Directions: Could you restate the whole listing below word for word, minus the pictures?

Given information:
>>
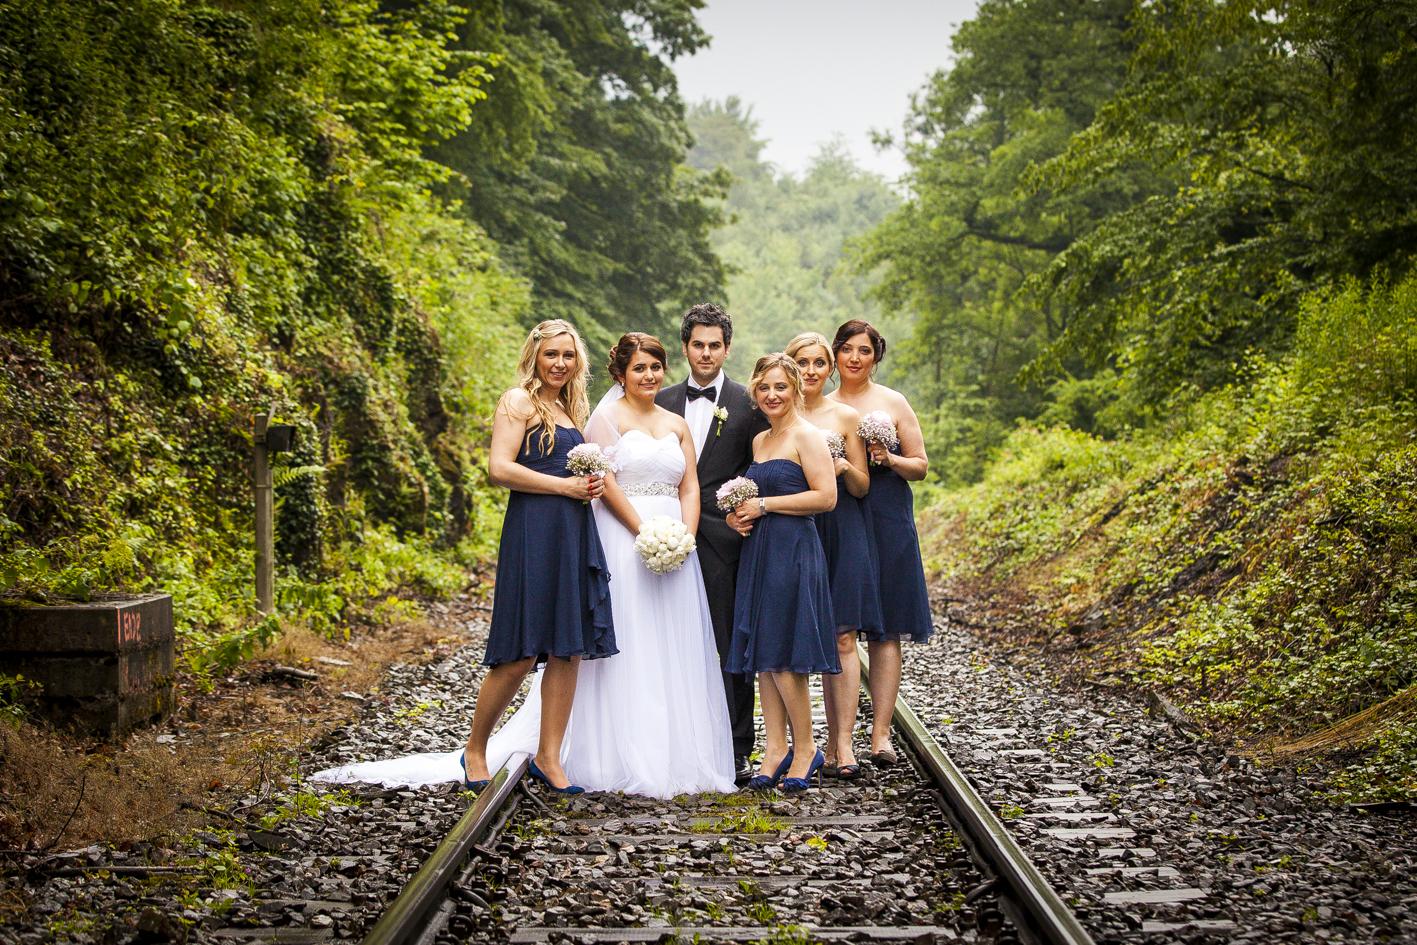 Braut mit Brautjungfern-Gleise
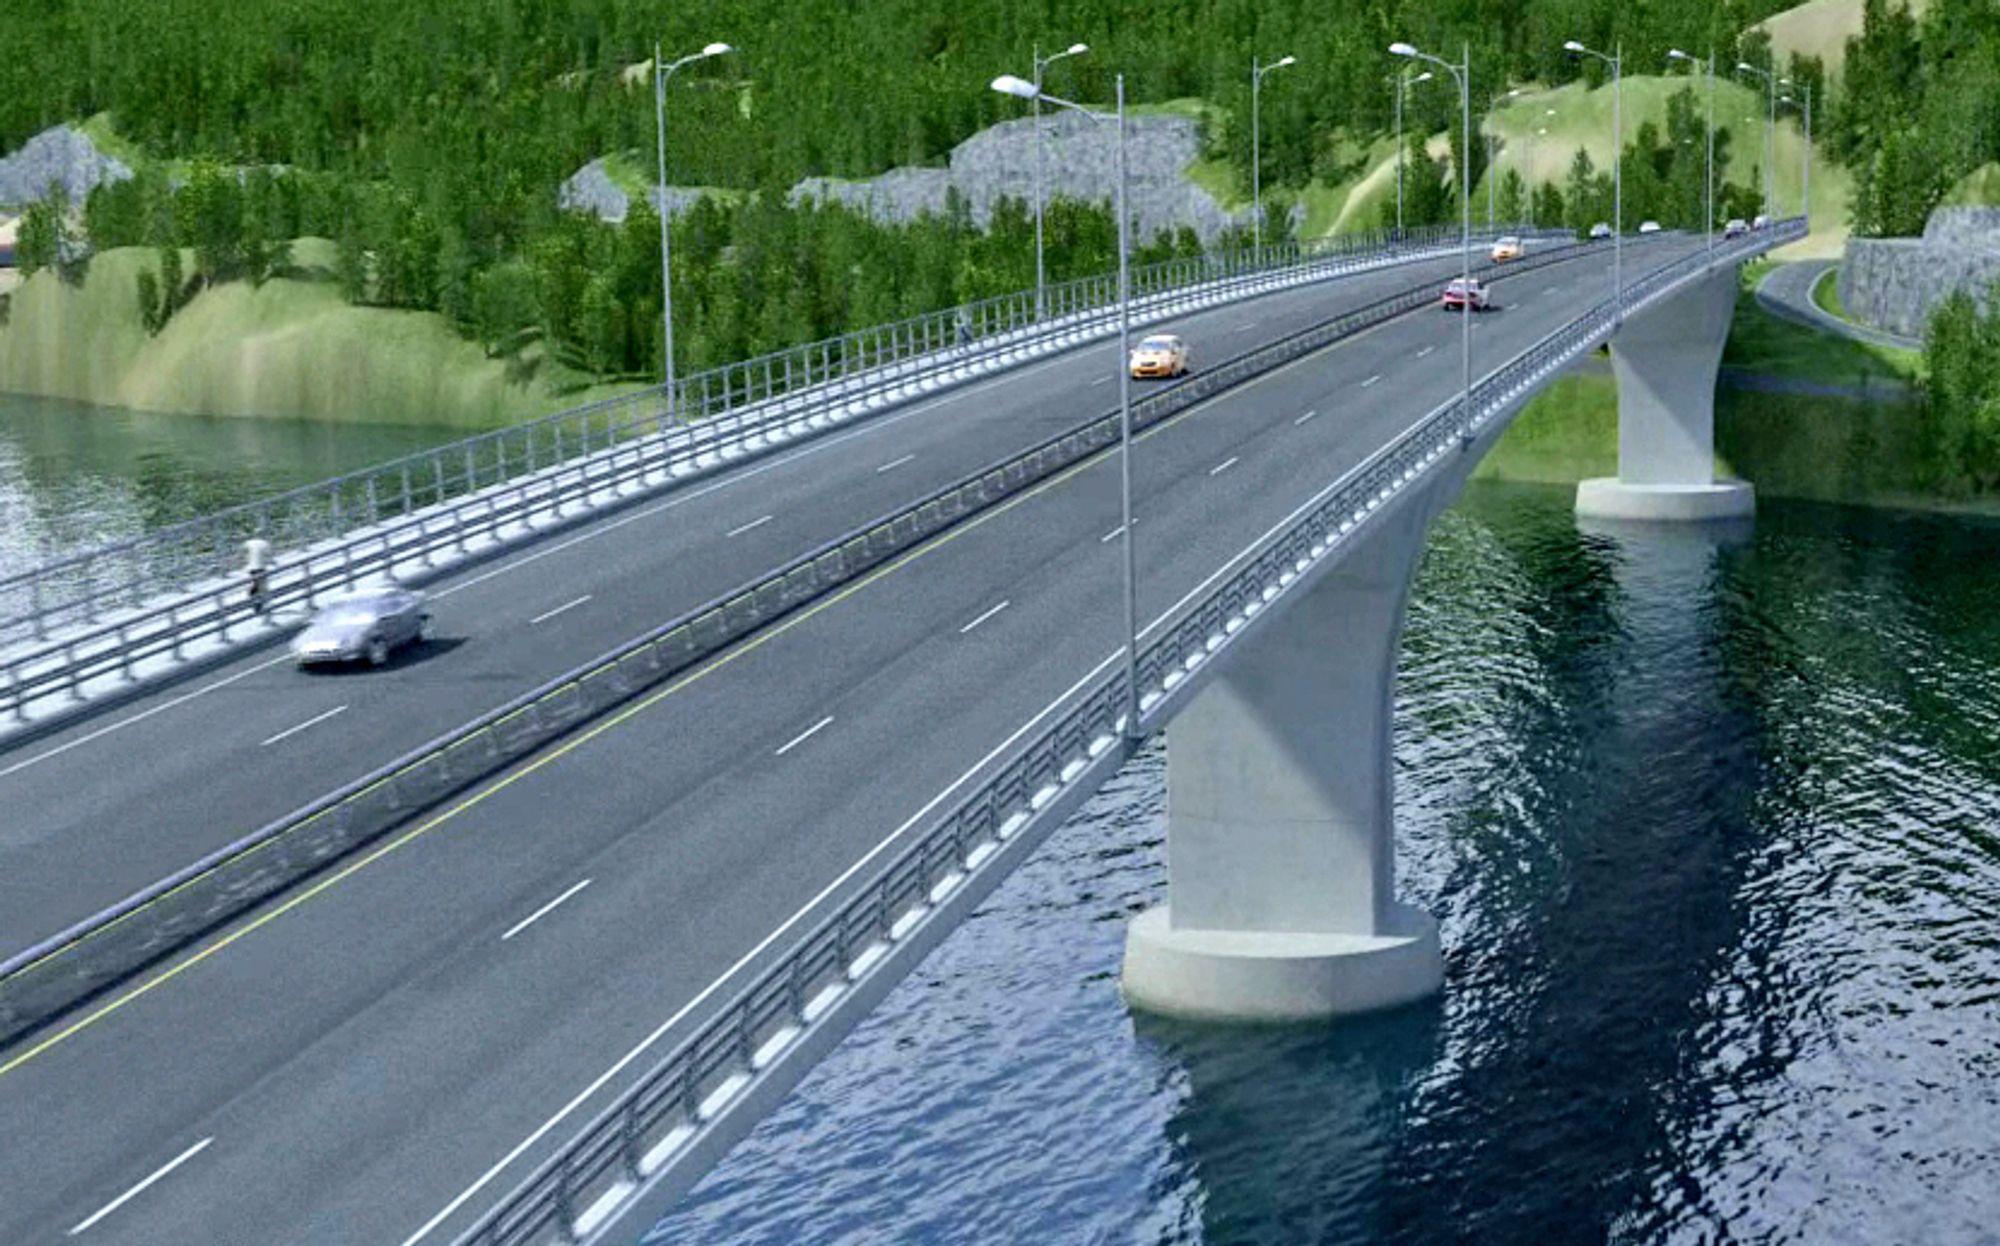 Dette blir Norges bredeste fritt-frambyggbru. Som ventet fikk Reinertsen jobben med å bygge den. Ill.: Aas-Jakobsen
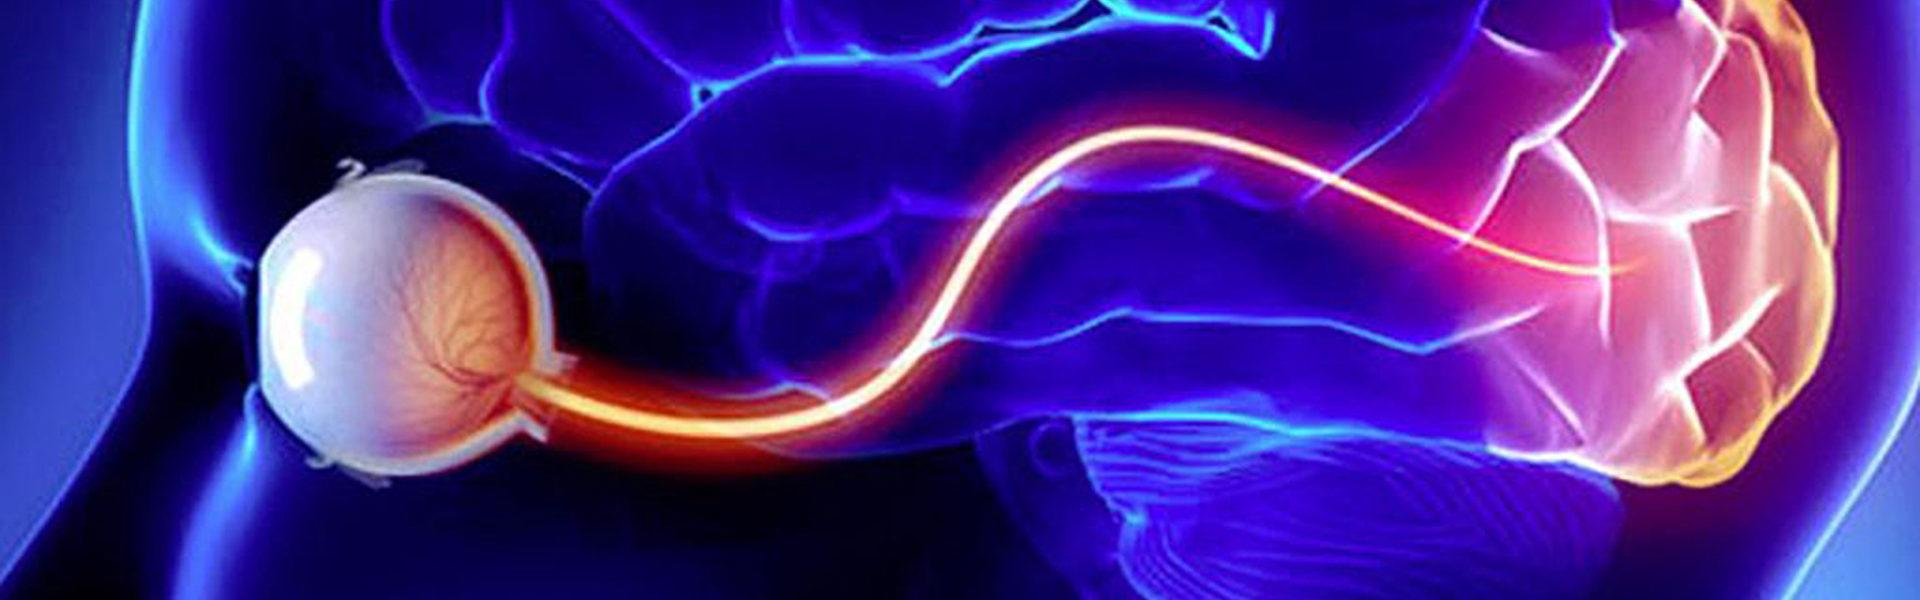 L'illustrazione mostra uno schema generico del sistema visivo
<<
Task response:
 Braut mit Brautjungfern-Gleise
 Dette blir Norges bredeste fritt-frambyggbru. Som ventet fikk Reinertsen jobben med å bygge den. Ill.: Aas-Jakobsen
 L'illustrazione mostra uno schema generico del sistema visivo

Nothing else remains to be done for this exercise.